When I bought my sewing machine, it came with two free sewing lessons.  They are the only machine sewing lessons I’ve had since half way through my first year in high school, when home economics and tech studies diverged and I was in the first cohort of girls allowed to do tech studies.  At that point home economics had stretched to making a gingham pillowcase and learning how to van dyke an orange.  It wasn’t looking promising to me. So I learned how to use a band saw, and how to solder and weld instead.  And how to stare down a queue of boys who all want to see you fail on a big piece of machinery!

I remember some of the demonstrations in those sewing lessons.  The teacher had extremely firm views and a level of competence and confidence my mother never had (I am sure she had a lot more training than my mother and she definitely had a much better sewing machine).  I saw feet demonstrated and techniques shown that I had never imagined possible.  Mostly because they were not possible on my previous and only other machine.  Well, this one came with a roll hemming foot that I could not imagine having a use for.

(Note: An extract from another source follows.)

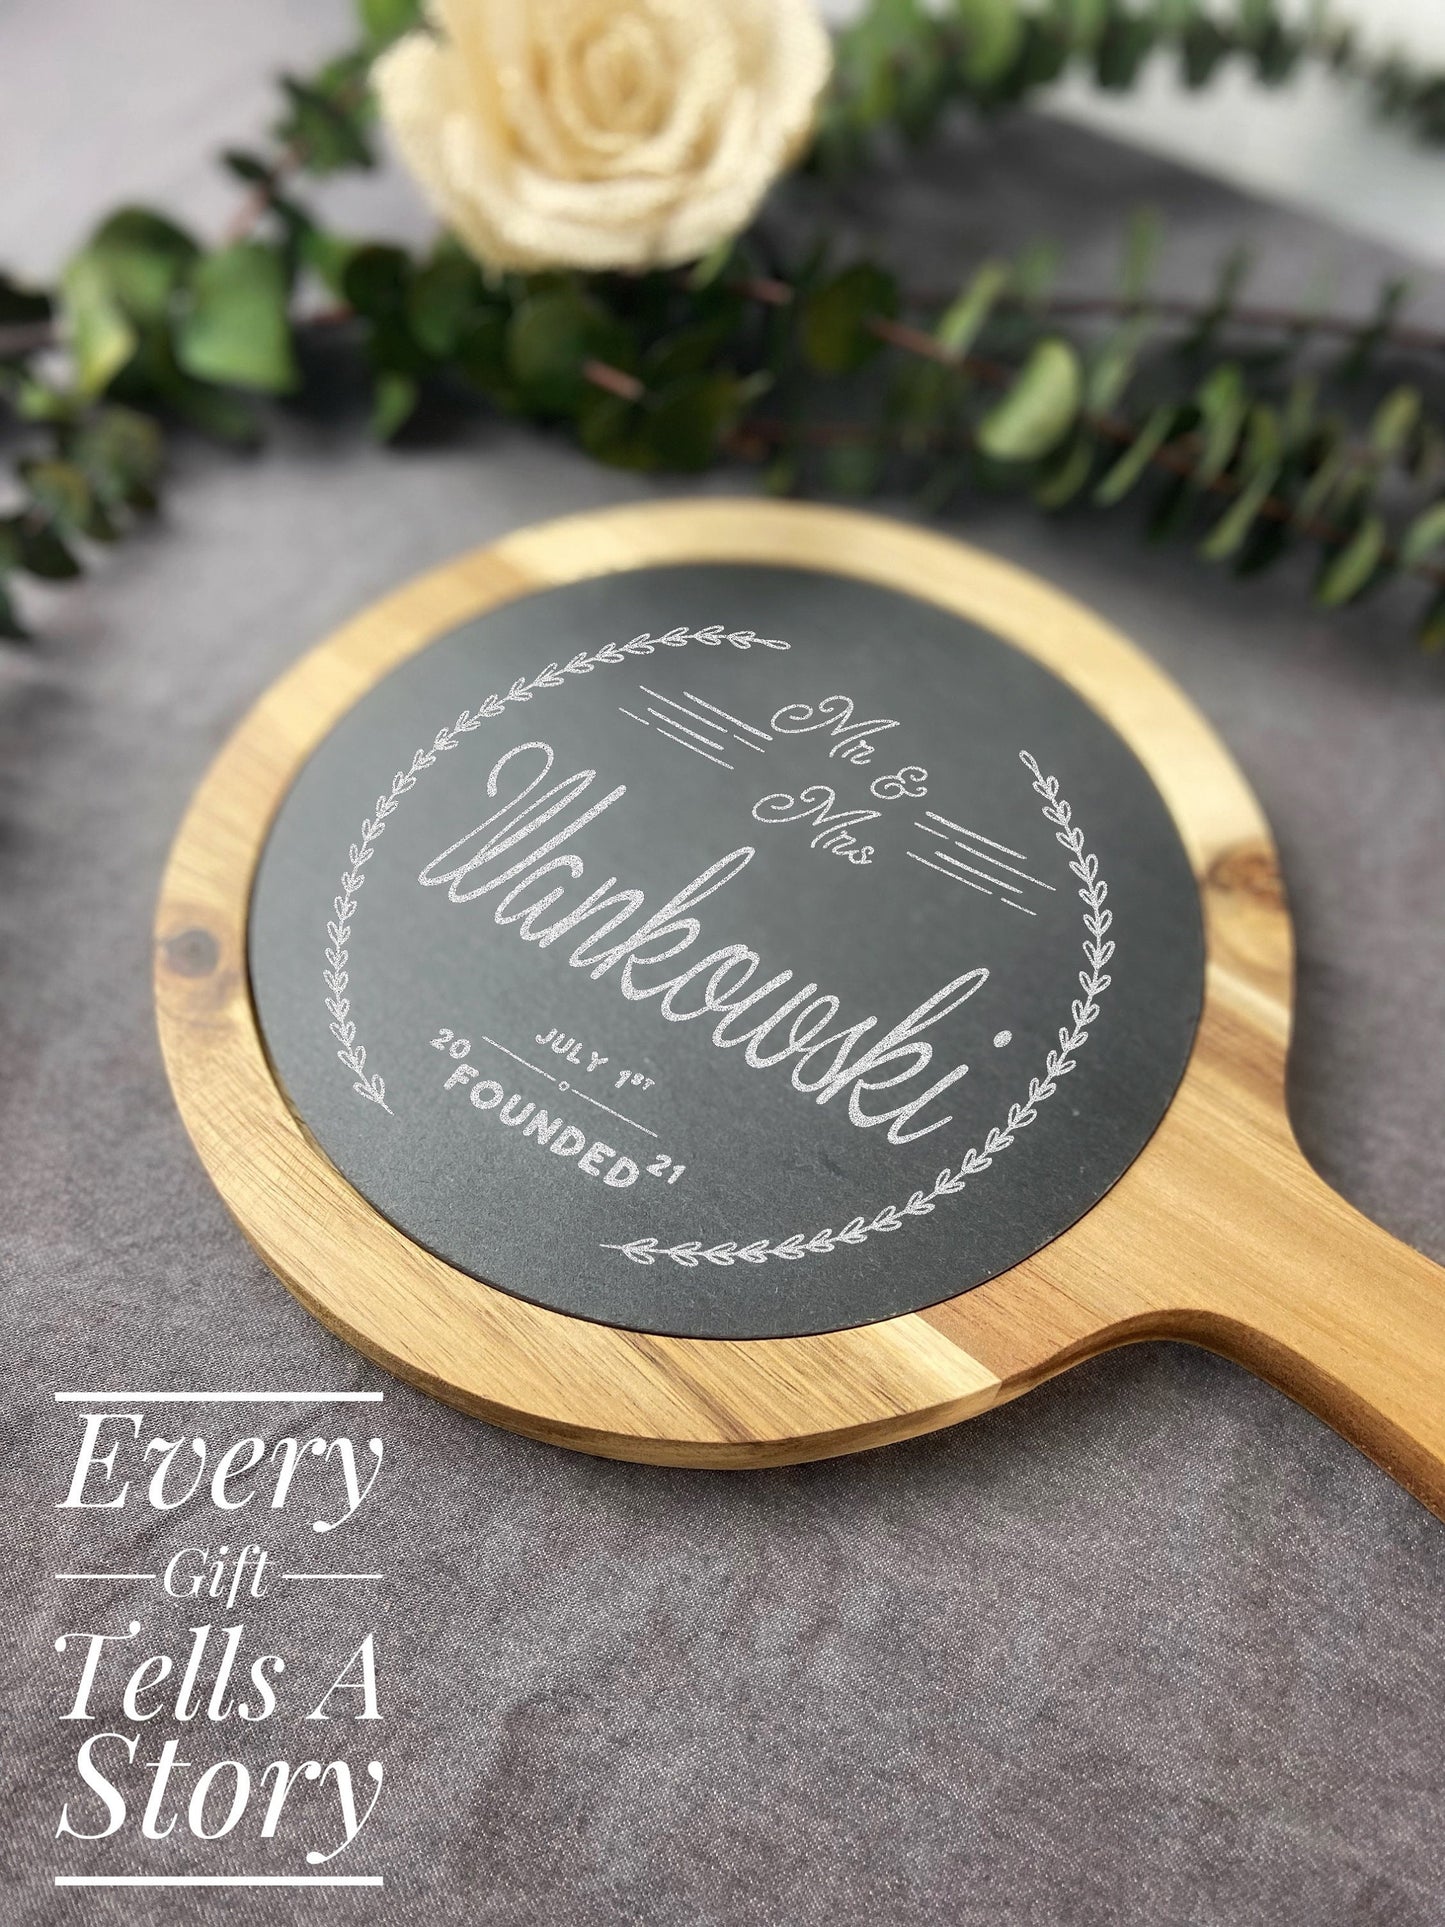 Personalized Cheese Board, Charcuterie Board, Slate Cheese Gift, House Warming Gift, Anniversary, Wedding Gift for Couple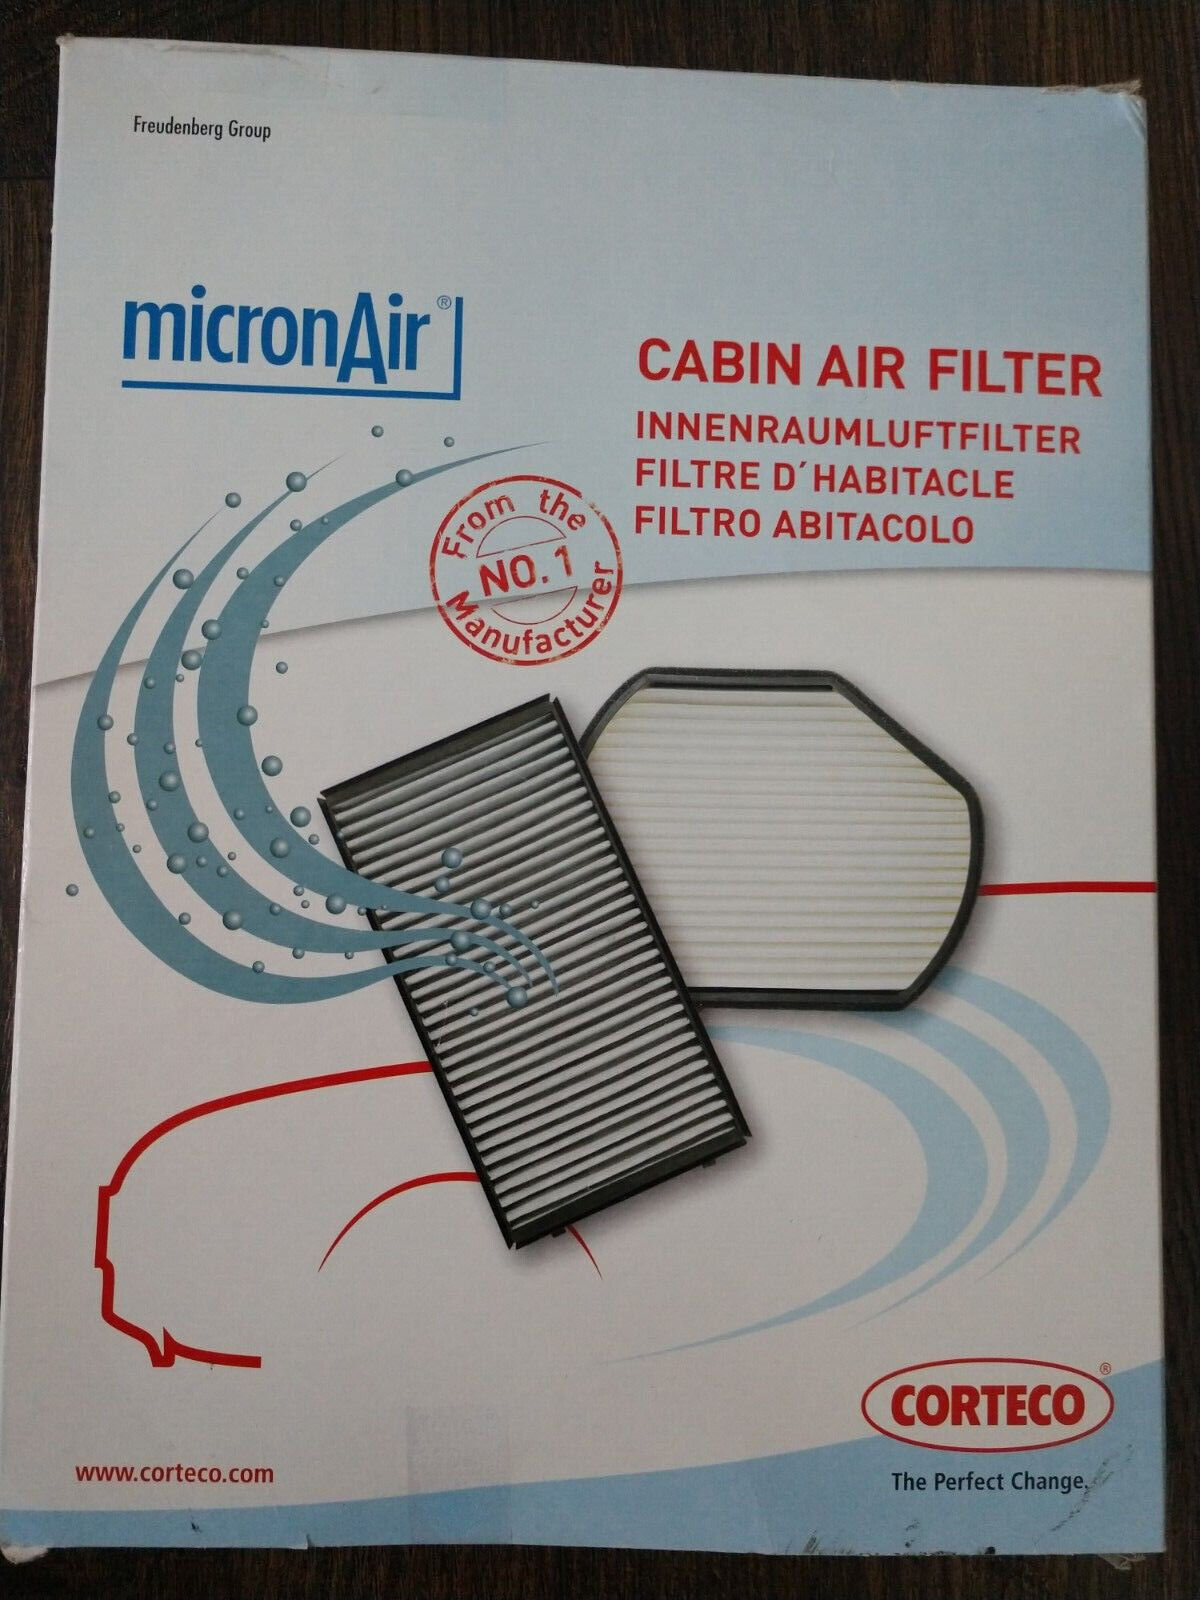 Set of 2 Cabin Air Filter CORTECO Microair OEM For Mercedes W210 W215 W220

The use appeared a while back when I decided that making handkerchiefs and napkins might be a thing I could do, and when I was looking at an entire bed sheet as the fabric to be converted to handkerchiefs, I decided I wouldn’t be doing it by hand like my grandmother taught me.  She must have been so delighted by the hours of silence when she gave me a square of fabric to hem nicely into a hanky!  I don’t think my sisters were quite as excited by the task as I was.  Well, since that bed sheet gave up the ghost as a sheet, it has been hemmed, dyed in woad and indigo and euc leaves, and shared widely.  Over the holidays I went to a big chain fabric store and failed to leave without more fabric–two 40cm strips of fine cotton came home with me and you can see them above, now turned into hankies.  It had me thinking that having a whole sheet to practise on had really built my confidence.

Now, another sheet has called it a day.  You know when fabric parts company with itself so comprehensively that no amount of sewing edges together will sort it out, and the size of the patch needed to hold that fitted sheet together will be almost as big as the mattress top?  Soft, delicious, well washed cotton.  Ready for transformation. If you would like to make friends with a roll hemming foot (and you can sometimes buy they separately if your machine didn’t come equipped with one)… here are my tips.

Step 1. Read the manual.  Maybe it’s just me, but on my machine the process is not intuitive and the instructions are a big help.  I read them four times before finally following them correctly.  I think I have mentioned the role of user error in my life a few times on this blog!  If you don’t have a manual, it’s worth searching online, even for old machines.

Step 2. Prepare to be patient with yourself and the machine. Music?  Silence?  Stretch? Cup of tea?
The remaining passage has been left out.